Type of tornado not originating from a mesocyclone

A landspout is a type of tornado not associated with a rotating mesocyclone. Atmospheric scientist Howard Bluestein coined the term in 1985 because these columns of air resemble weak Florida Keys waterspouts occurring over land. Unlike classic supercell tornadoes, landspouts form during the growth stage of a developing convective cloud as ground-level rotation is pulled upward, making them generally weaker and short-lived.
==Characteristics==
Landspouts are a type of tornado that form during the growth stage of a cumulus congestus or occasionally a cumulonimbus cloud when an updraft stretches boundary-layer vorticity upward and tightens it into a focused vertical axis. Landspouts can also occur due to interactions from outflow boundaries, as they can occasionally cause enhanced convergence and vorticity at the surface. These generally are smaller and weaker than supercell tornadoes and do not form from a mesocyclone or pre-existing rotation in the cloud. Landspouts can form in the flanking line of supercell thunderstorms, following the predominant formation area of landspouts in general within updraft zones without undercutting downdrafts. Because of their lower depth, smaller size, and weaker intensity, landspouts are rarely detected by Doppler weather radar.
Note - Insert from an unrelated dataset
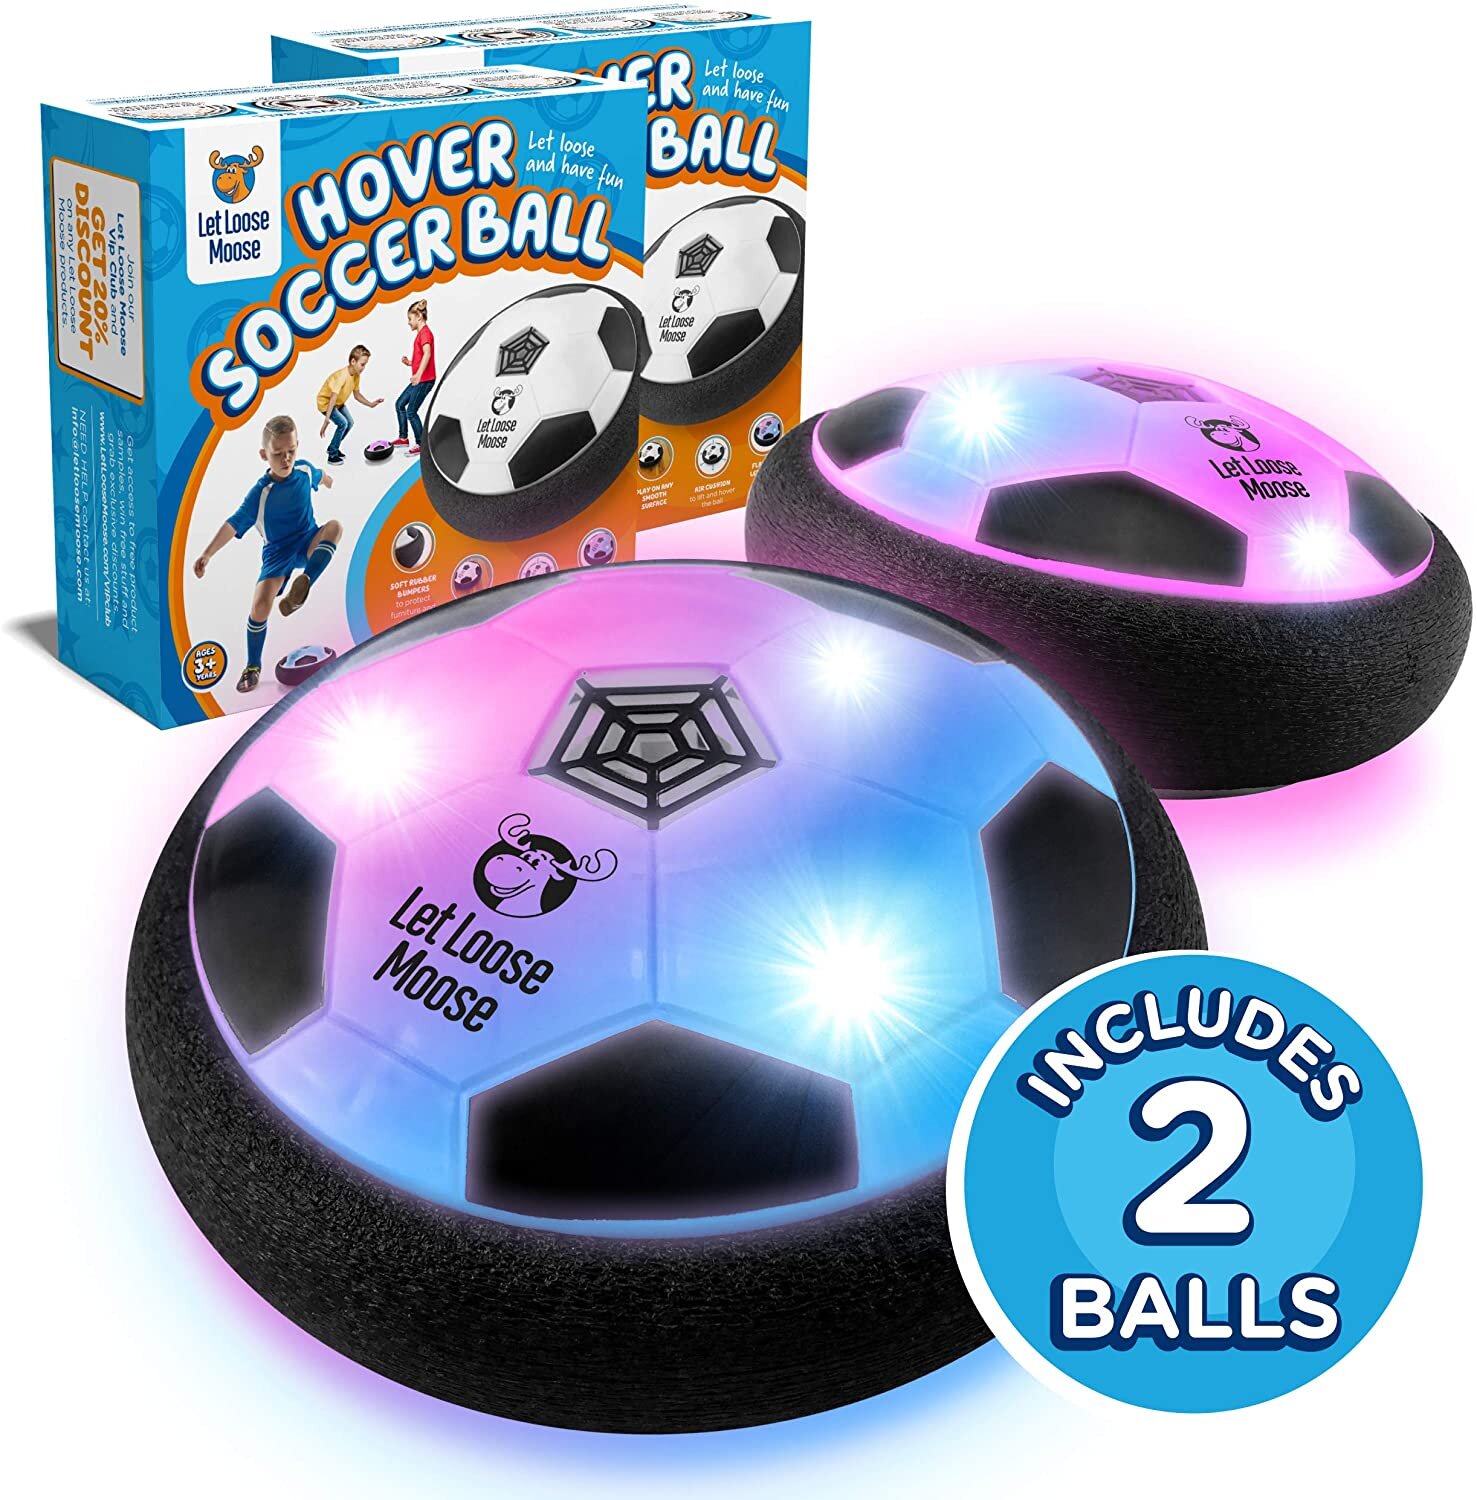 2 Pack Glow in The Dark Soccer Ball Light up LED Soccer Ball Official Size 5 Glow Ball with 2 Pump and 10 Spare Batteries Balls Gift for Teens Kids Adults Match Training Game Outdoor or Indoor

Landspouts share a strong resemblance and development process to that of waterspouts, usually taking the form of a translucent and highly laminar helical tube. Landspouts are technically considered tornadoes, as they are in contact with both the ground and a cumuliform cloud. Not all landspouts are visible, and many are first sighted as debris rotating at the surface before eventually condensing.

Orography can influence landspout (and, consequently, supercell) development. A notable example is the propensity for landspout occurrence in the Denver Convergence Vorticity Zone (DCVZ).

== Life cycle ==

Dying Colorado landspout, 2025

Landspouts originate as ground-level rotation that is pulled upward by a developing parent cloud's updraft. While most landspouts are relatively short-lived (typically just few minutes), rarely some can persist much longer and cause significant damage. They typically progress through distinct stages of formation, maturation, and dissipation. Decay occurs when a nearby downdraft or rain-cooled outflow undercuts the parent cloud's updraft, severing the surface vortex from its low-pressure source. Landspouts can occur individually or form in lines and clusters.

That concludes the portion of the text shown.